Concentrations (C) of 15N labelled nitrate and chloride in the leachates relative to the input concentration (Co) of 15N labelled nitrate,15N labelled ammonium, and chloride (chloride is shown for the 15N labelled nitrate treatment), applied to undisturbed soil cores of surface organic layer (forest floor), 0–10 and 10–20 cm depths from Solling at 8°C (laboratory study). Changes from labelled to non-labelled nitrogen and from chloride to sulphate application at day 60 are indicated by (×). (PV – Pore water volume in soil cores replaced)
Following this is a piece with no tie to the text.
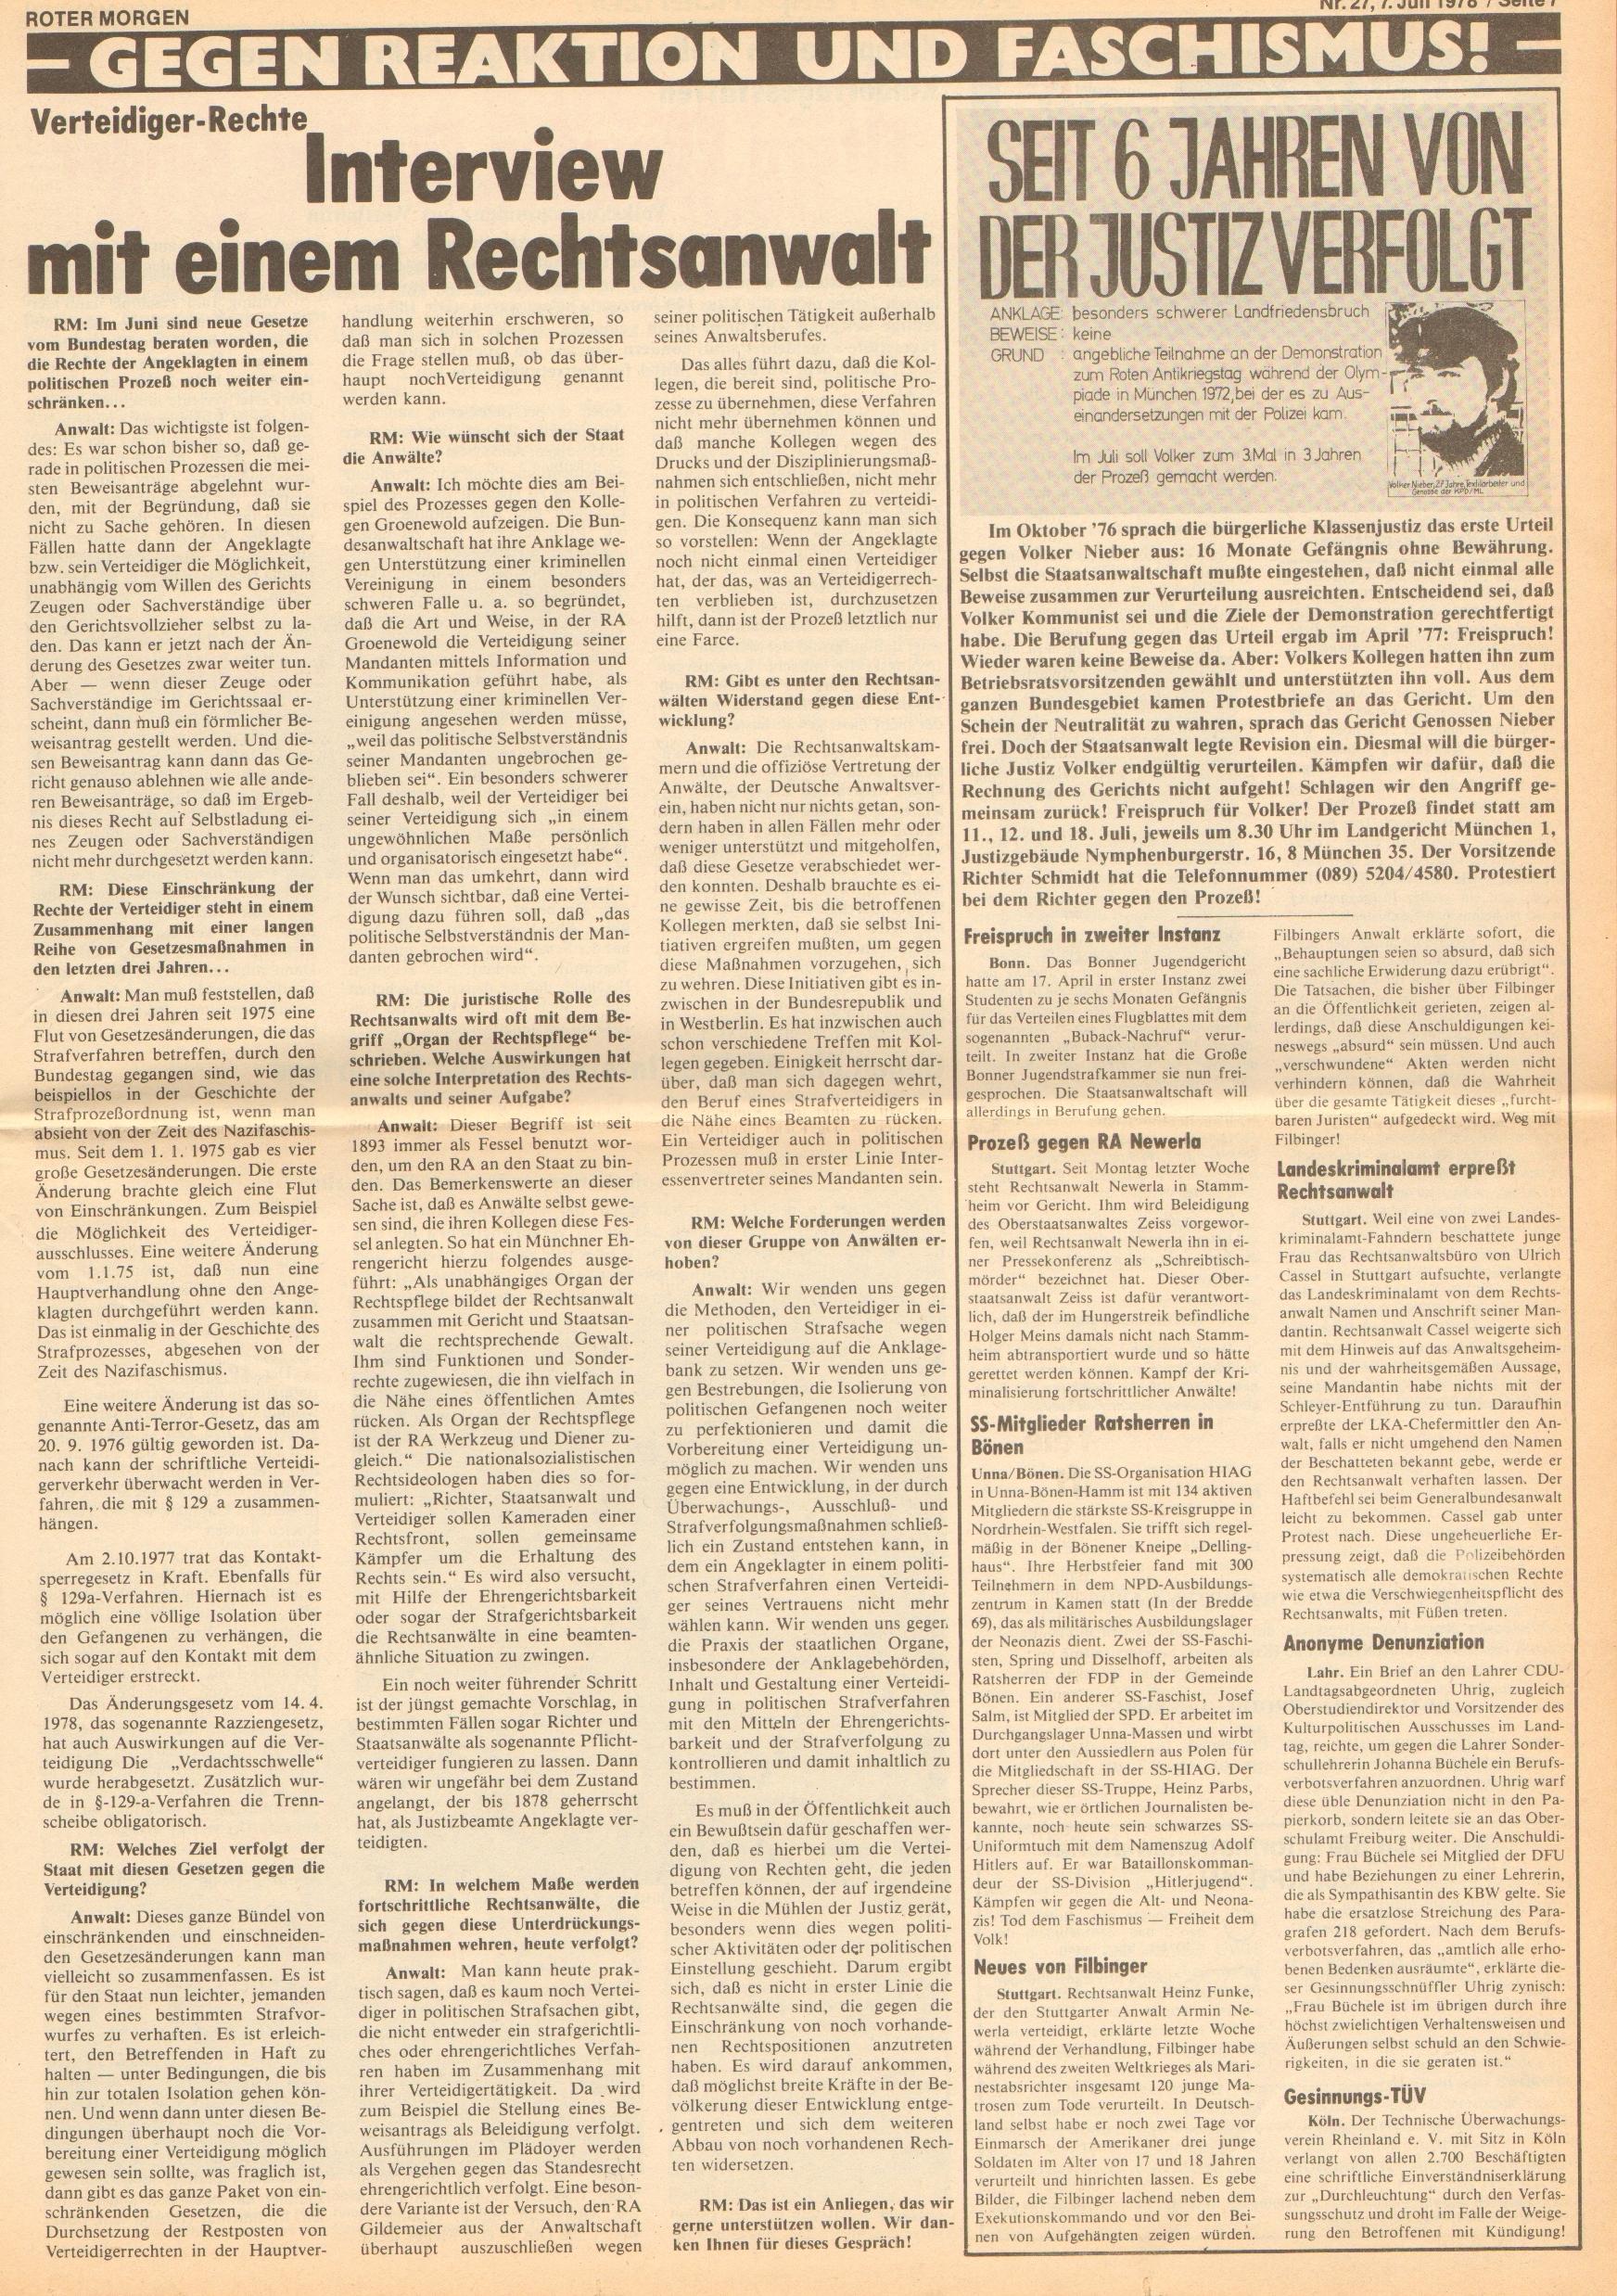 Roter Morgen, 12. Jg., 7. Juli 1978, Nr. 27, Seite 7

However, the leaching of applied 15N labelled ammonium was slow in the Solling soil (not shown). Applied ammonium was partly nitrified and leached as nitrate after nitrification with a large delay in all soil layers (Fig. 14.1). Delayed nitrification resulted in retarded leaching of added 15N labelled ammonium as indicated by a lower values (0.17) of relative concentration C/Co in the mineral soil layers and in the surface organic layer (0.33) than those observed when 15N labelled nitrate (>0.95) was applied after 60 days. Another factor responsible for this retardation in the leaching of added ammonium in acid soils is its adsorption by negatively charged clay minerals and humus particles. The proportion of adsorbed 15N labelled ammonium was higher in the mineral soil layers than in the surface organic layer at the end of the experiment (Table 14.1) despite similar nitrification rates (Chap. 13). The high adsorption of ammonium in the mineral soils caused a slow percolation of labelled nitrate after nitrification or even an increase after 60 days as observed in columns of 10–20 cm depth. Fast percolation of labelled nitrate in the surface organic layer is an indication of the lack of adsorption of ammonium in this layer.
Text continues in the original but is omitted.